The two senators up for re-election with the most money on hand at the end of last year were Republicans facing primaries, Senator Mitch McConnell of Kentucky, the minority leader, and Mr. Graham. Senator Lamar Alexander of Tennessee moved to lock down the support of every major elected Republican in his state last year.

And Senator Pat Roberts of Kansas, eyeing his state’s sharp turn to the right, made sure to align his votes with the fiscally conservative Club for Growth 84 percent of the time last year.

As a new generation of Republicans has moved into the Senate in the last two elections as part of a conservative backlash to Mr. Obama, its elected officials have become identified with confrontation, not compromise.

“The center of gravity has shifted,” said Senator Mike Lee, the Utah Republican who unseated Mr. Bennett in 2010.

Chris Chocola, the Club for Growth president, was even blunter about the impact of new conservative senators like Mr. Lee, Ted Cruz of Texas and Rand Paul of Kentucky. “They’ve influenced the rest of them,” he said. “The rest of them are scared of getting beat.”

With the incumbents so awake to the threat from their right — and because at least a half-dozen Republican Senate losses in the last two general elections were owed partly to flawed candidates — Mr. Chocola’s group has backed just one challenger, Chris McDaniel, who is running against Mr. Cochran. “Candidates have to be viable, have to be able to raise money and exhibit a plausible pathway to success,” Mr. Chocola said.

Playing it safe, the Club for Growth is focusing its efforts on a handful of Senate seats where there is no incumbent Republican and on defeating a few sitting House Republicans. For its part, Americans for Prosperity, backed by the Koch brothers, is spending tens of millions of dollars attacking Democrats and is almost entirely avoiding primaries.
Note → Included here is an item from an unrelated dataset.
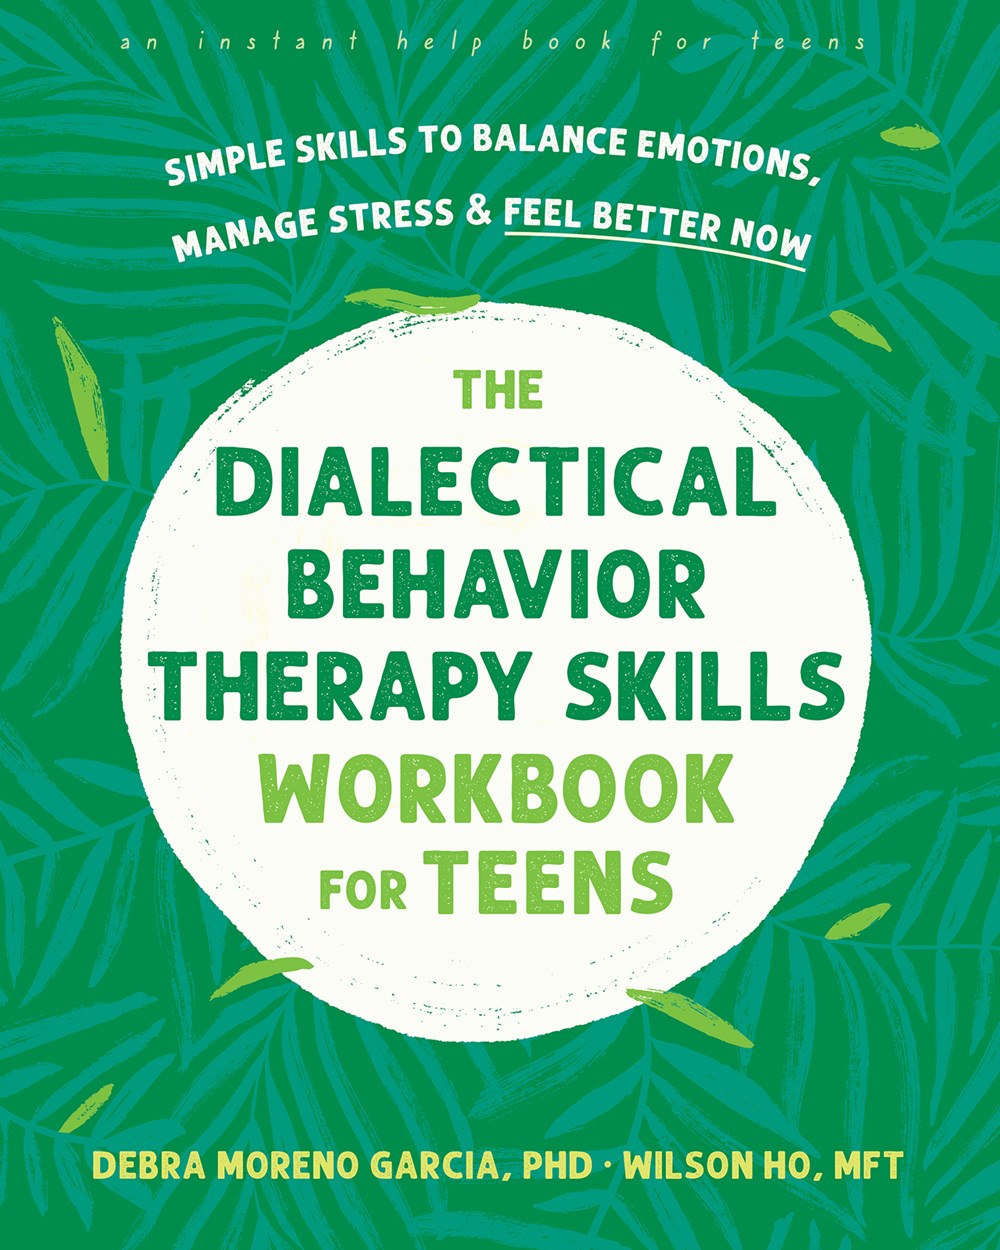 The Dialectical Behavior Therapy Skills Workbook for Teens : Simple Skills to Balance Emotions, Manage Stress, and Feel Better Now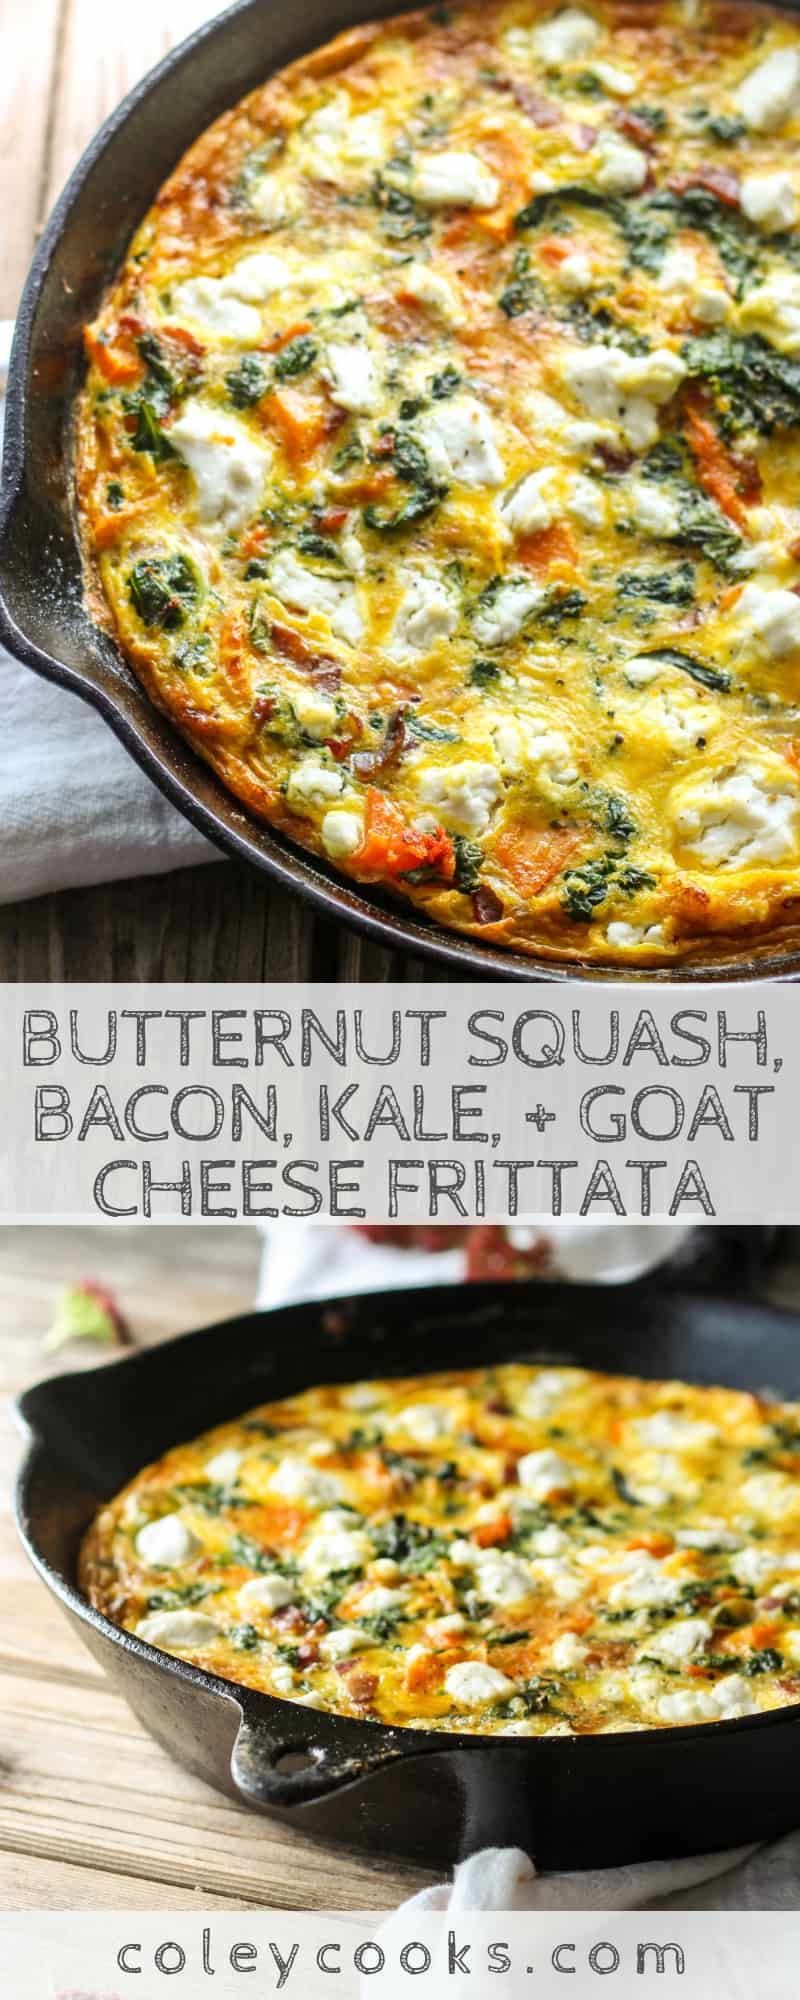 Butternut Squash, Bacon, Kale, + Goat Cheese Frittata | Easy frittata recipe with all the best Fall vegetables. Great for breakfast or brunch! #easy #fall #recipe #brunch #breakfast #eggs #frittata #kale #butternut | ColeyCooks.com

That has left candidates such as Mr. Graham in a better position than he might have envisioned.

“The people who are declared are against me — nobody is going to put a lot of money behind them,” said Mr. Graham, who by the end of last year had raised 10 times as much as four of his opponents combined.

Mr. Roberts’s opponent in Kansas, Milton Wolf, raised just over $268,000, compared with the incumbent’s $3.29 million last year; Mr. McConnell’s $18.4 million was nearly 18 times the amount raised by his Republican opponent, Matt Bevin. And Mr. Alexander raised $5.25 million while his primary challenger, Joe Carr, recorded just over $609,000 last year. (In Mississippi, however, the money race is significantly closer: Mr. Cochran raised $1.19 million last year while Mr. McDaniel raised over $487,000.)

Many of the challengers have also created their own problems.

Mr. Wolf, a radiologist, was revealed to have a penchant for posting X-rays of his patients with gruesome injuries online. Mr. Bevin, who is lashing out at Mr. McConnell for supporting the 2008 bank bailout, sent a letter in his capacity as head of an investment fund praising the bill. Mr. Carr has drawn little attention except for when he asserted that the United States invaded Iraq before Afghanistan.

Even Mr. McDaniel, seen as the most formidable of the Republicans challenging incumbents, has stumbled, expressing uncertainty over how he would have voted on federal aid after Hurricane Katrina and asserting that the military was only a small part of the country’s budget.

Mr. Graham was particularly adroit in limiting competition.

“He campaigned for them, he raised money for them and he’s available to them 24/7,” Katon Dawson, a former state party chairman and supporter of Mr. Graham, said of the senator’s might-have-been challengers. “Politicians remember that. One thing about politicians: They remember who their friends are.”